We believe that the various systems discussed above demonstrate steps toward achieving a new approach to signal transduction therapy, which would utilize the ability of molecules to generate artificial cell signaling pathways. Note that the proposed approach does not refer to the general concept of controlling biological functions with synthetic molecules that can simultaneously bind different proteins [Citation7]. Instead, such molecules must enable one protein to change the activity of another protein, which is not necessarily its natural binding partner, and in a way that would enable the signal to further propagate. Overall, synthetic molecules have already been used to promote signal transduction processes [Citation15], alter the specificity of kinases [Citation18] as well as mediate unnatural enzyme activation and the consequent cleavage of prodrugs [Citation12]. On the other hand, CIDs [Citation8] generally promote interactions between genetically modified proteins, whereas current synthetic ‘adaptors’ [Citation18] or ‘transducers’ [Citation12] operate extracellularly. We thus hope that this paper will inspire the development of new synthetic agents that can induce artificial signal transduction steps within natural cells, which would bring us closer to achieving artificial signal transduction therapy.
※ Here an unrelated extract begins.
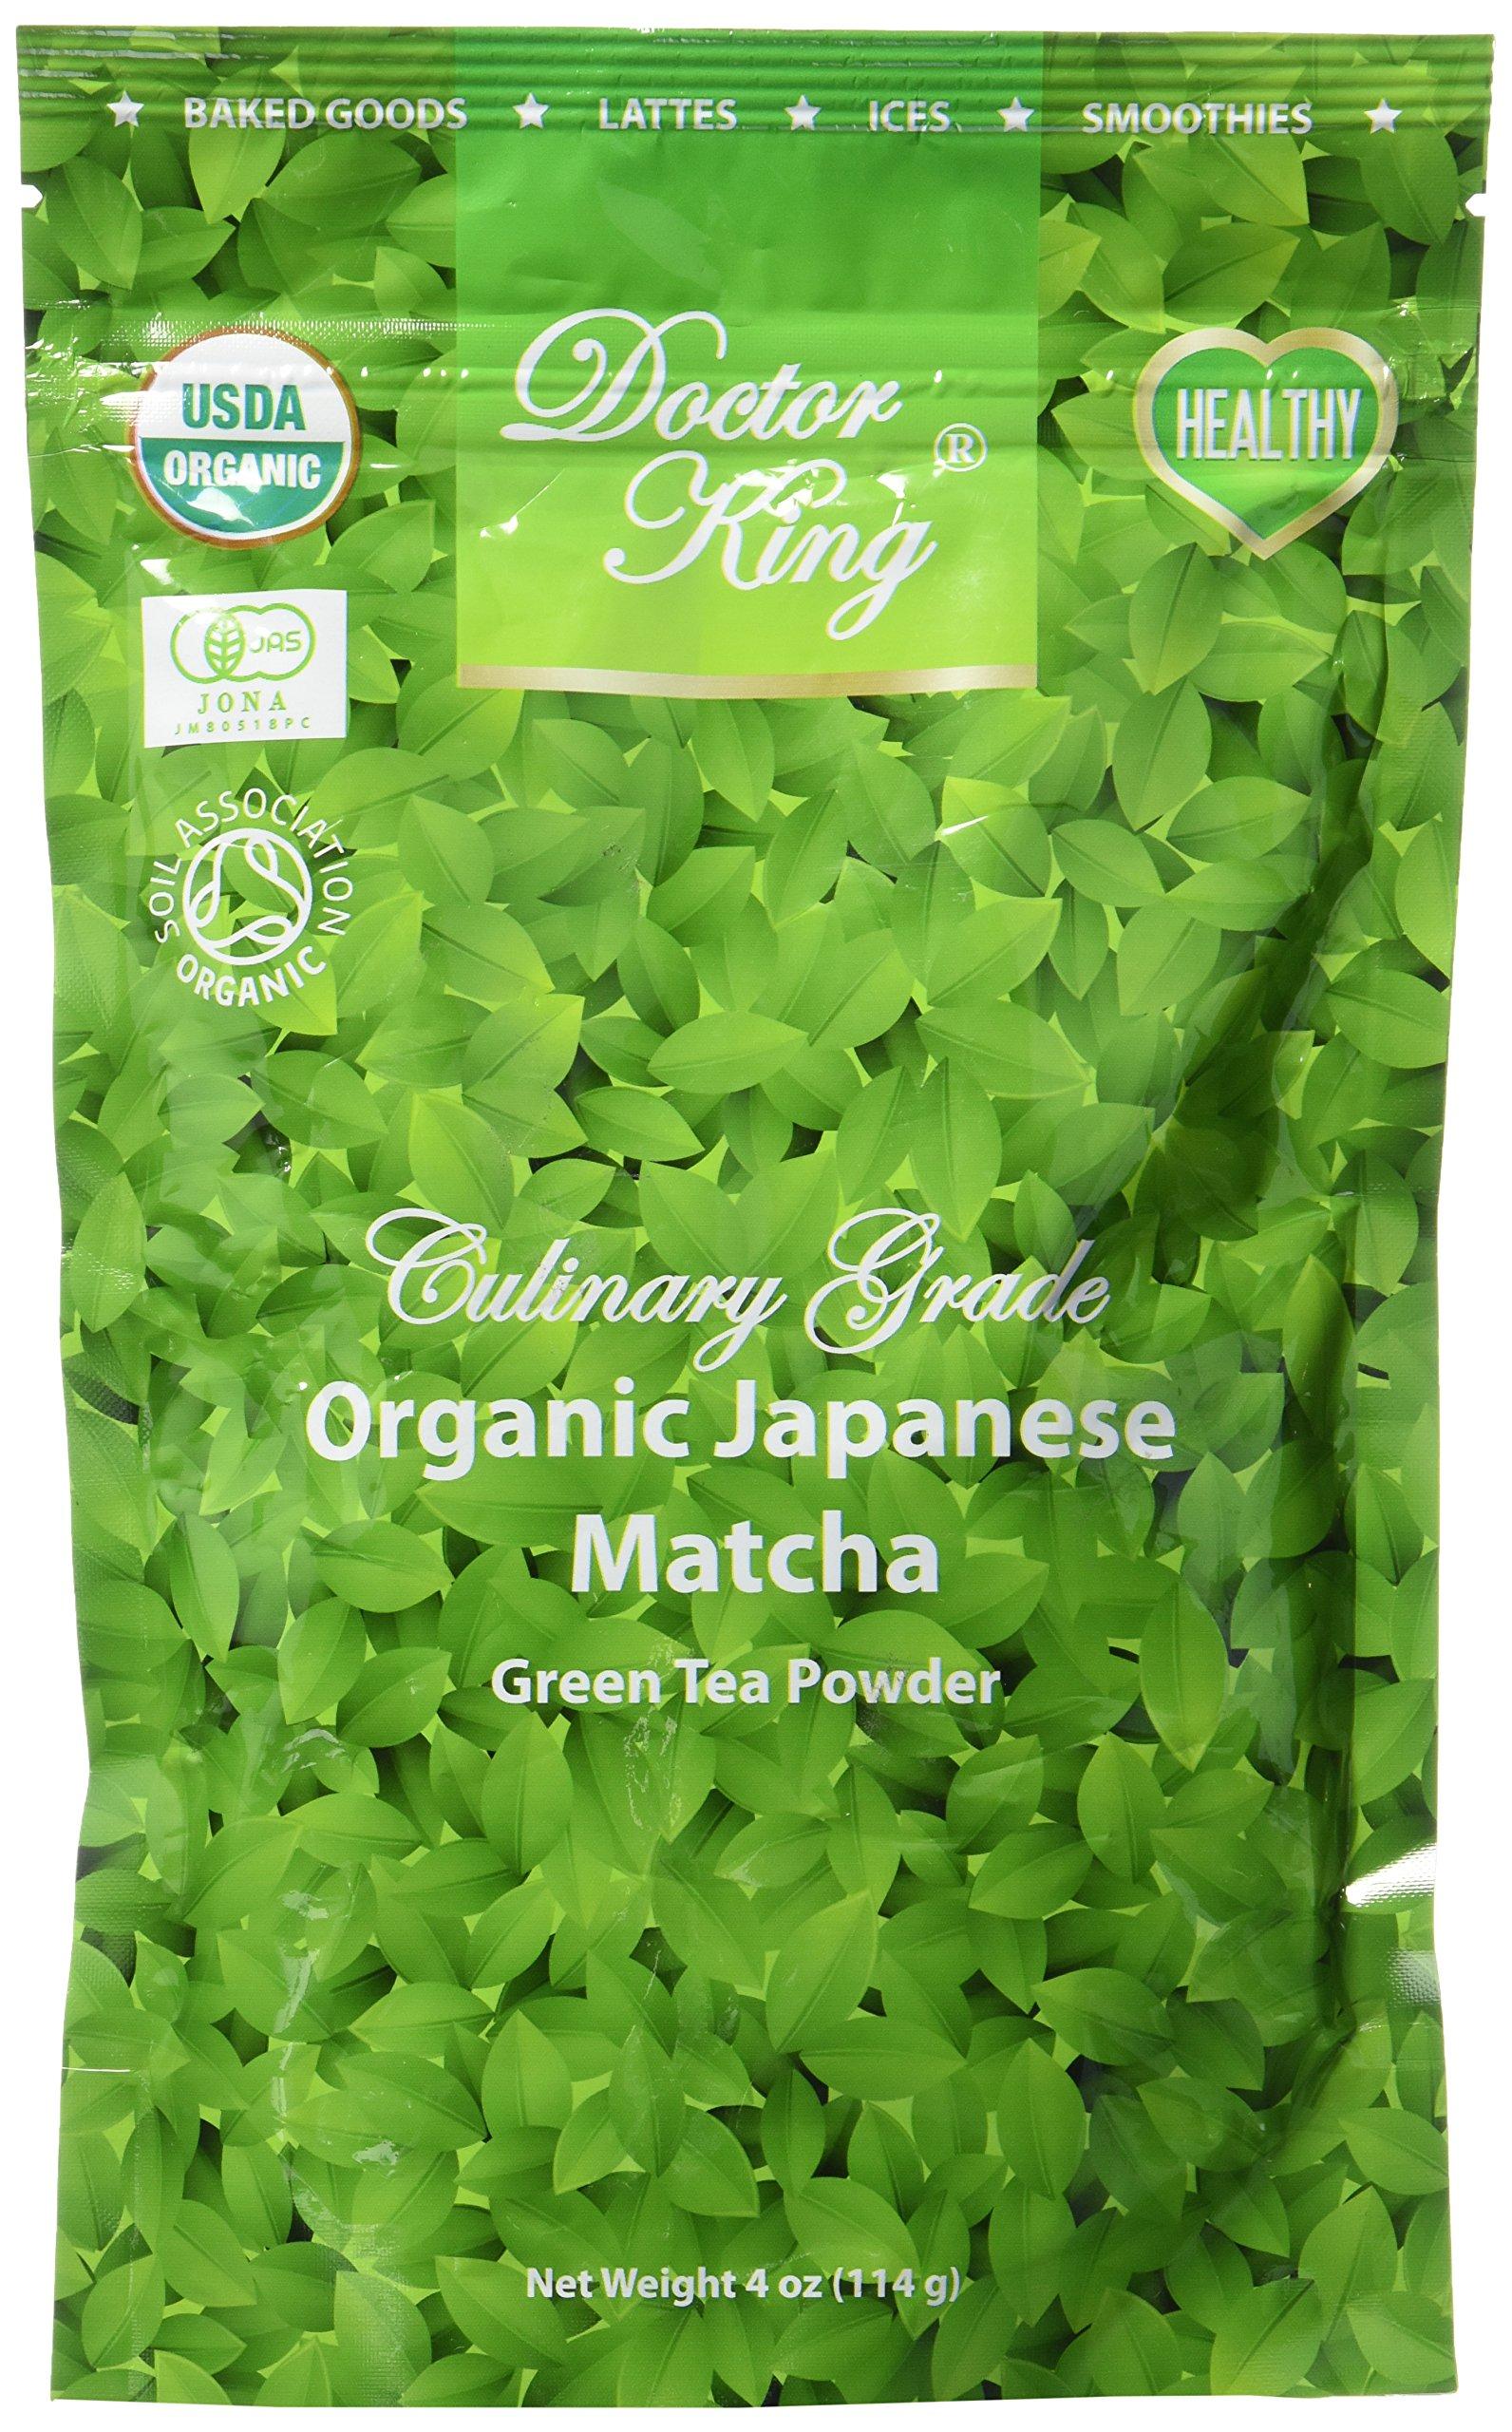 DOCTOR KING Organic Japanese Matcha Green Tea Powder | Culinary Grade | Matcha Lattes, Matcha Smoothies, Baking | Net Weight 4 oz (114 g)

Financial & competing interests disclosure
The authors would like to thank the Minerva Foundation, the International Human Frontier Science Project Organization and the European Research Council (Starting Grant 338265) for financial support. The authors have no other relevant affiliations or financial involvement with any organization or entity with a financial interest in or financial conflict with the subject matter or materials discussed in the manuscript apart from those disclosed.
No writing assistance was utilized in the production of this manuscript.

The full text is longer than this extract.